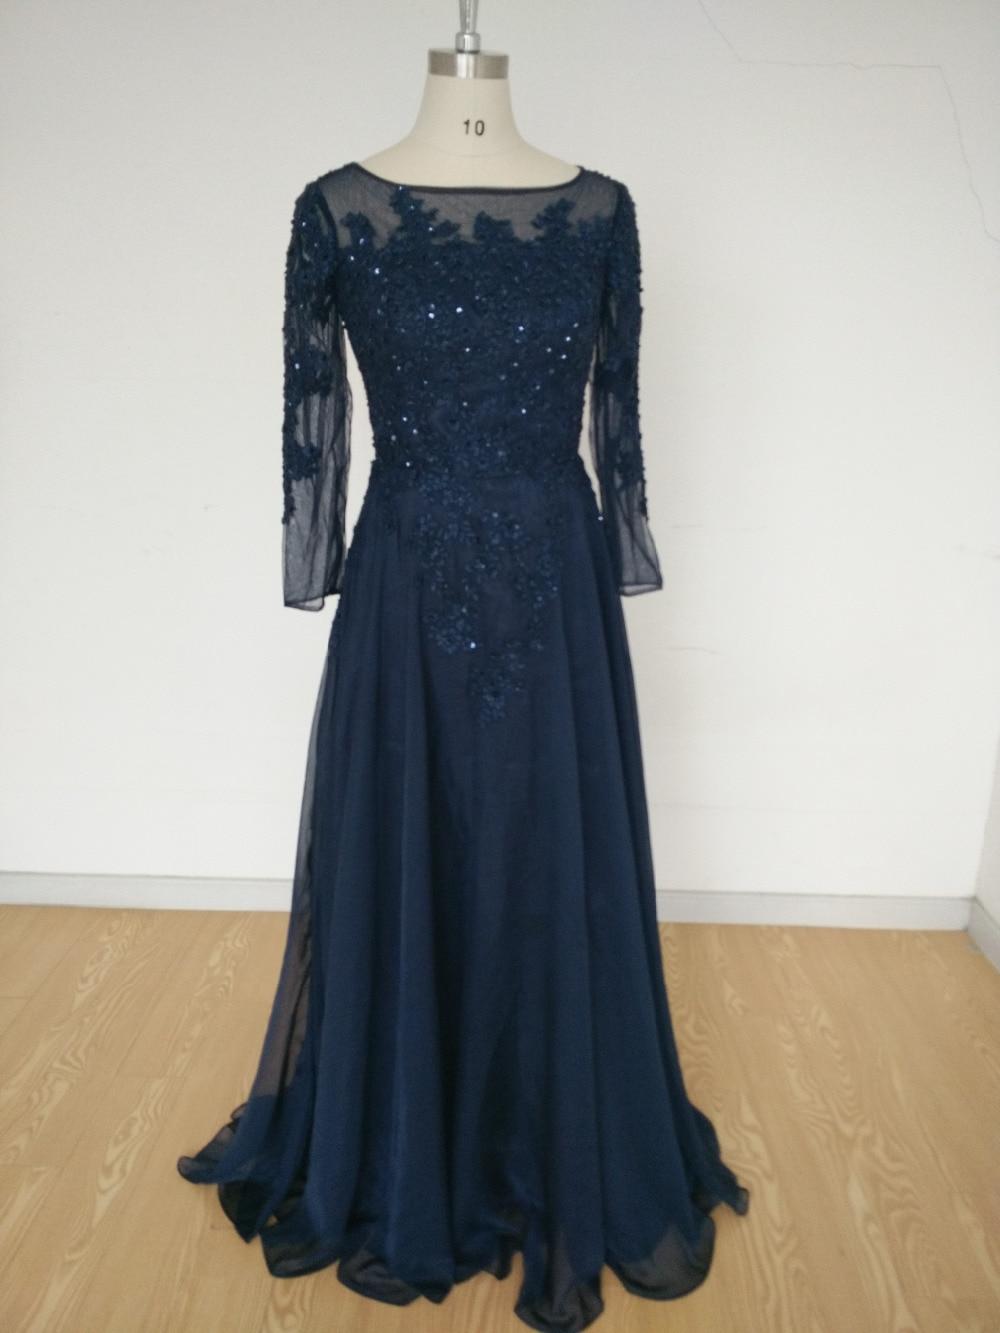 2015 Navy Blue Evening Dress Lace Sequined Applique
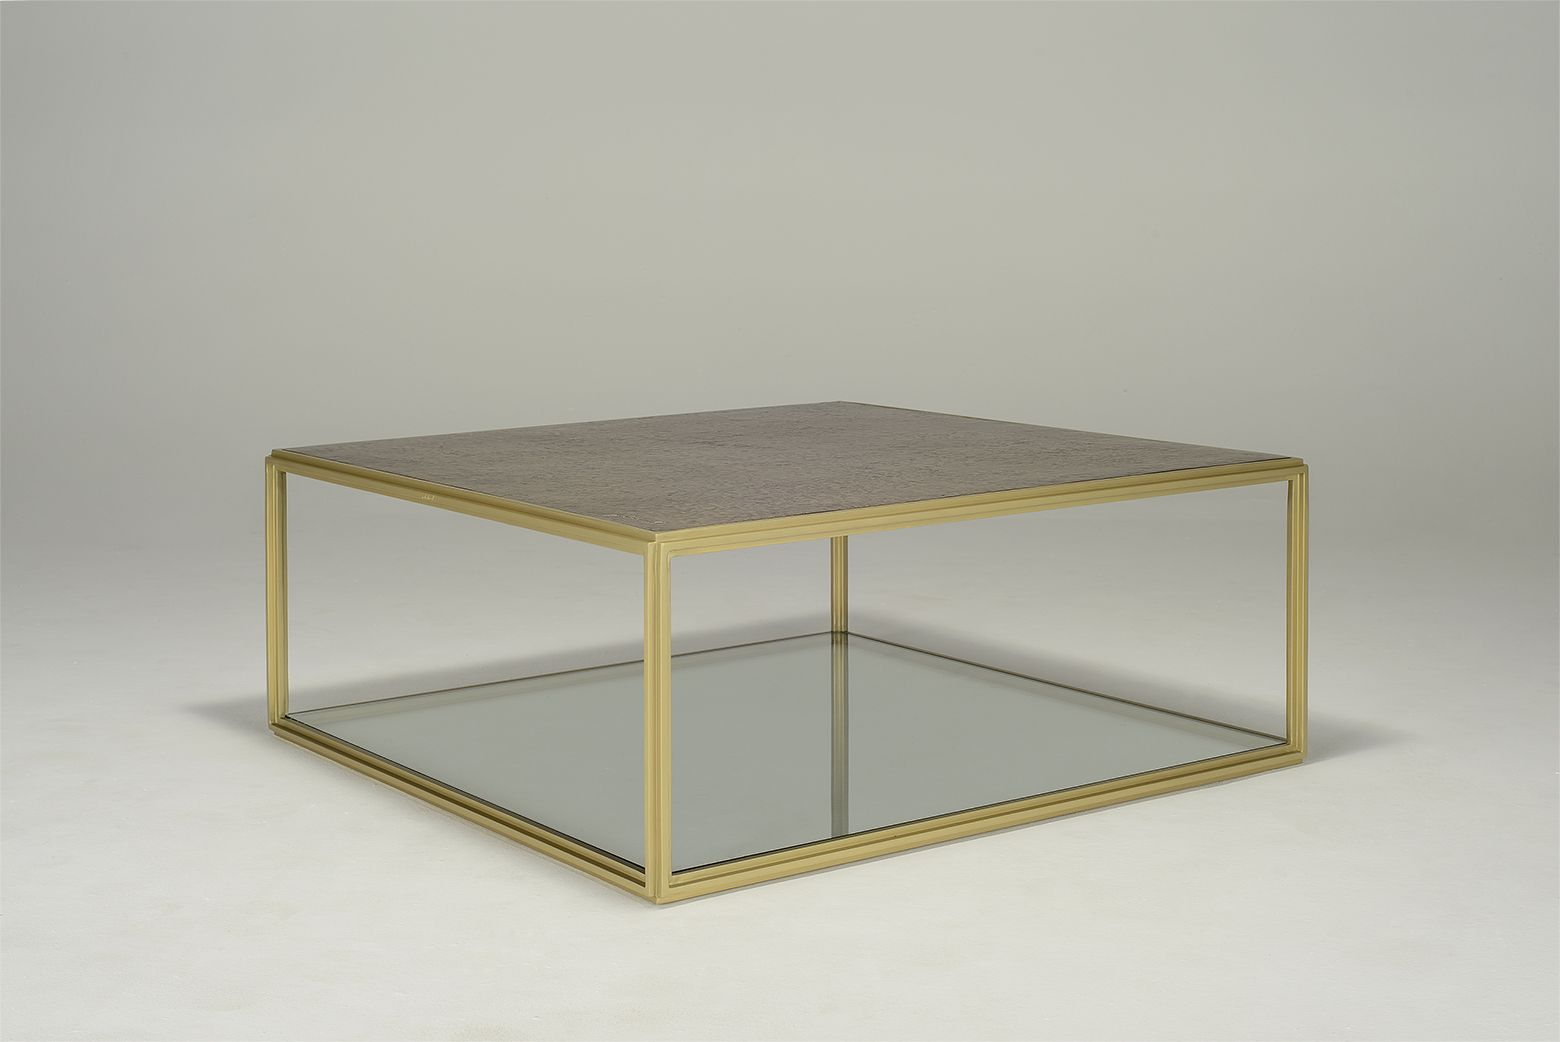 Marvelous Low Coffee Table Blt Pt6 Square Brass Bronze Top Golden Sand Creativecarmelina Interior Chair Design Creativecarmelinacom
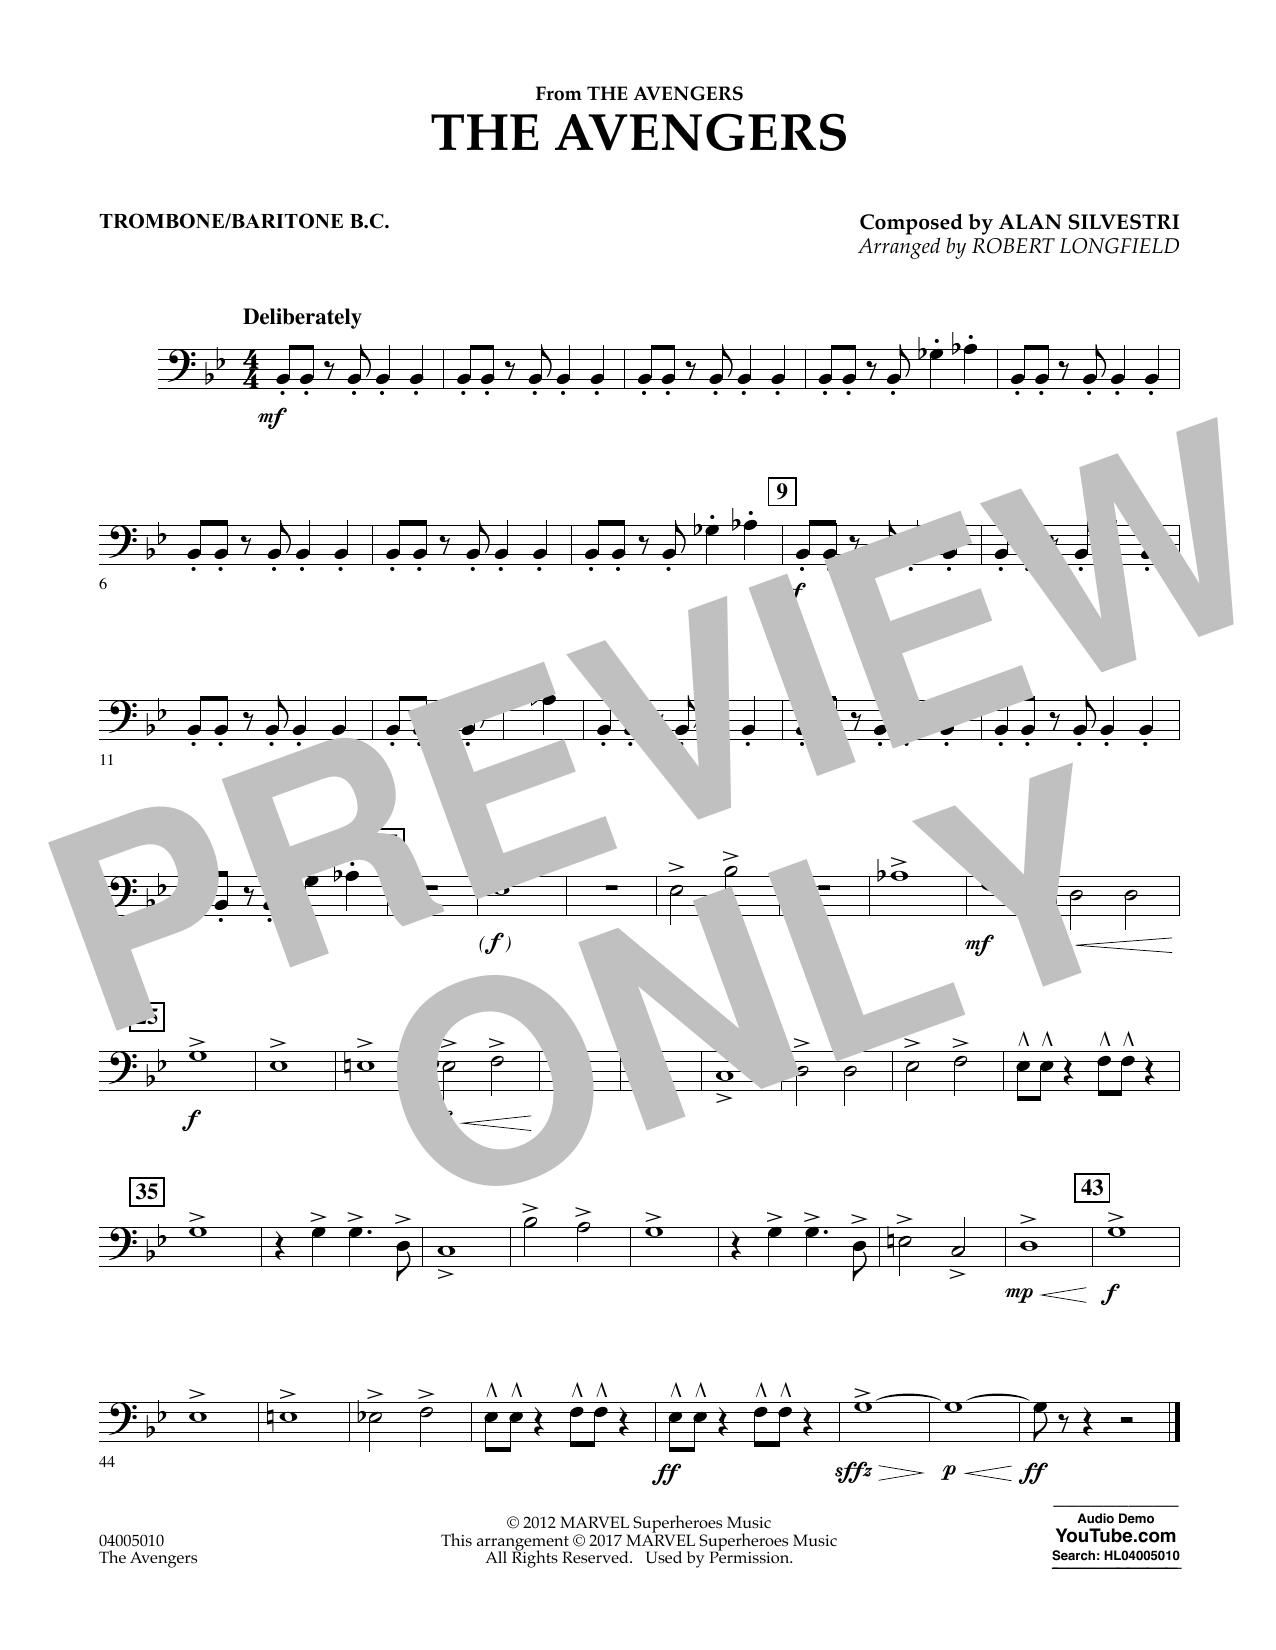 The Avengers - Trombone/Baritone B.C. Sheet Music

ACTIVITY = Restate word for word, and only, the lines from the line that contains "Marvelous Low Coffee" through the end of the data, both included; pictures are not part of the copy.

SOLUTION =
 Marvelous Low Coffee Table Blt Pt6 Square Brass Bronze Top Golden Sand Creativecarmelina Interior Chair Design Creativecarmelinacom
 The Avengers - Trombone/Baritone B.C. Sheet Music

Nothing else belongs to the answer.